**Given data:**
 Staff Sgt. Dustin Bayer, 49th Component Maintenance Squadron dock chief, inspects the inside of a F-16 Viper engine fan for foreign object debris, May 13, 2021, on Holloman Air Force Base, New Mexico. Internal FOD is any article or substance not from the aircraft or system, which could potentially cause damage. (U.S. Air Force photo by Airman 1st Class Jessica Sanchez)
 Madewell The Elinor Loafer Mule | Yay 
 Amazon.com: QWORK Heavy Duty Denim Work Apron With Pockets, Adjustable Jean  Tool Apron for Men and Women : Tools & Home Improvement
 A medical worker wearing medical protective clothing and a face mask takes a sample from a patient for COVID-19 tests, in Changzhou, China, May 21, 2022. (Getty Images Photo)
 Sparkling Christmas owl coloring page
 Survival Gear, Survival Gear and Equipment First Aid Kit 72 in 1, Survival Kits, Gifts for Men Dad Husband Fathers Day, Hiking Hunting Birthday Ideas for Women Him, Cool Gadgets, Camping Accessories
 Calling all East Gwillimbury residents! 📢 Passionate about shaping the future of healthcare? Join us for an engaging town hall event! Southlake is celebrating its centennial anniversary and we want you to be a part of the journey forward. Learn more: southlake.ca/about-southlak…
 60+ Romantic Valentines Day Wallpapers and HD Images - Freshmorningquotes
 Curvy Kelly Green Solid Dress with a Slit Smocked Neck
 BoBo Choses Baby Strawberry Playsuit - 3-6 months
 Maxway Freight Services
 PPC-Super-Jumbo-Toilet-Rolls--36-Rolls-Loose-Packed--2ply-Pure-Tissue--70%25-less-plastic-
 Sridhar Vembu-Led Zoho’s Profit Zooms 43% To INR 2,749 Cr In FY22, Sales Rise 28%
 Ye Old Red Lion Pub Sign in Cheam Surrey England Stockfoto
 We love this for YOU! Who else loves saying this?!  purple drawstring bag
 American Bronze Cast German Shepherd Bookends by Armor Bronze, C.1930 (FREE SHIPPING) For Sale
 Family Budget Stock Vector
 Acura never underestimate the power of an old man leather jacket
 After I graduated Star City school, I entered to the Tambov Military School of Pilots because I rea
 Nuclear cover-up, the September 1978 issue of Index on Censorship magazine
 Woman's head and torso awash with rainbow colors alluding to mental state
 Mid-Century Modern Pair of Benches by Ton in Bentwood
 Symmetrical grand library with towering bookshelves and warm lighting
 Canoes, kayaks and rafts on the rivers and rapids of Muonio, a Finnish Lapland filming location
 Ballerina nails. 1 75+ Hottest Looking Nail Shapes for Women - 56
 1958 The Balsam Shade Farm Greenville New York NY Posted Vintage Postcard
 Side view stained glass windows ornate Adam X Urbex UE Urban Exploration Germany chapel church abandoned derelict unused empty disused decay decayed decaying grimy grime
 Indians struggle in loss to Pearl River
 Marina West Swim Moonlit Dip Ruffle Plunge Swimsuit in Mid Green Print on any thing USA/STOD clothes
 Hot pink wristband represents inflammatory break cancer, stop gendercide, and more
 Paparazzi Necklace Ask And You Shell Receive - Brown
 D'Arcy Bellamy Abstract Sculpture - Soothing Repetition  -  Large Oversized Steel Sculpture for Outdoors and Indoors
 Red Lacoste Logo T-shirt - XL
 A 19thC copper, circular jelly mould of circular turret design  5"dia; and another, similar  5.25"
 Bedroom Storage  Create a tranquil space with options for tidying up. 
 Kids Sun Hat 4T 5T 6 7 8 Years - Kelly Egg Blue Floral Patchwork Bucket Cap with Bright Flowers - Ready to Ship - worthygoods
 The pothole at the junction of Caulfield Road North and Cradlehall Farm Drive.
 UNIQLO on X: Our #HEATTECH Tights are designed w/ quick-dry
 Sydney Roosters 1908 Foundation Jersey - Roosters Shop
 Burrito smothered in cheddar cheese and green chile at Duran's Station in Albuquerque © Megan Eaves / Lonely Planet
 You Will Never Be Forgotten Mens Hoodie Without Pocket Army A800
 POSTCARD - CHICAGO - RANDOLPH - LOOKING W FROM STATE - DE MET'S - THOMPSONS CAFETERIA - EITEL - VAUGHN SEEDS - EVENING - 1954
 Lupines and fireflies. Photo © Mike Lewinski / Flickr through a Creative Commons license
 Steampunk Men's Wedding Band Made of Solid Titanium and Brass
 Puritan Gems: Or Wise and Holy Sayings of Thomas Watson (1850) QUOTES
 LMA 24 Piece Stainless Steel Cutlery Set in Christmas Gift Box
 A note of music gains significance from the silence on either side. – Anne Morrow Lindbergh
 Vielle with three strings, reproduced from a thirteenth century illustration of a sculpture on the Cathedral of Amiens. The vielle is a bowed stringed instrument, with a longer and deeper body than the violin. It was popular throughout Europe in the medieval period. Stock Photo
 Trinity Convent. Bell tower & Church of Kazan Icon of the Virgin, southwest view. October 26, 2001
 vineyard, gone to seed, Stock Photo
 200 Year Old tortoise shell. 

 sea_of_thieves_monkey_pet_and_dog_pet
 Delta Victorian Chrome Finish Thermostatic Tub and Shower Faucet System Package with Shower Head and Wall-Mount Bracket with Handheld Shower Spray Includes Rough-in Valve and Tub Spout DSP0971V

**What to work on:** The answer must consist of each line from the entries that contains the string "Images".

**Response to this task:**
 A medical worker wearing medical protective clothing and a face mask takes a sample from a patient for COVID-19 tests, in Changzhou, China, May 21, 2022. (Getty Images Photo)
 60+ Romantic Valentines Day Wallpapers and HD Images - Freshmorningquotes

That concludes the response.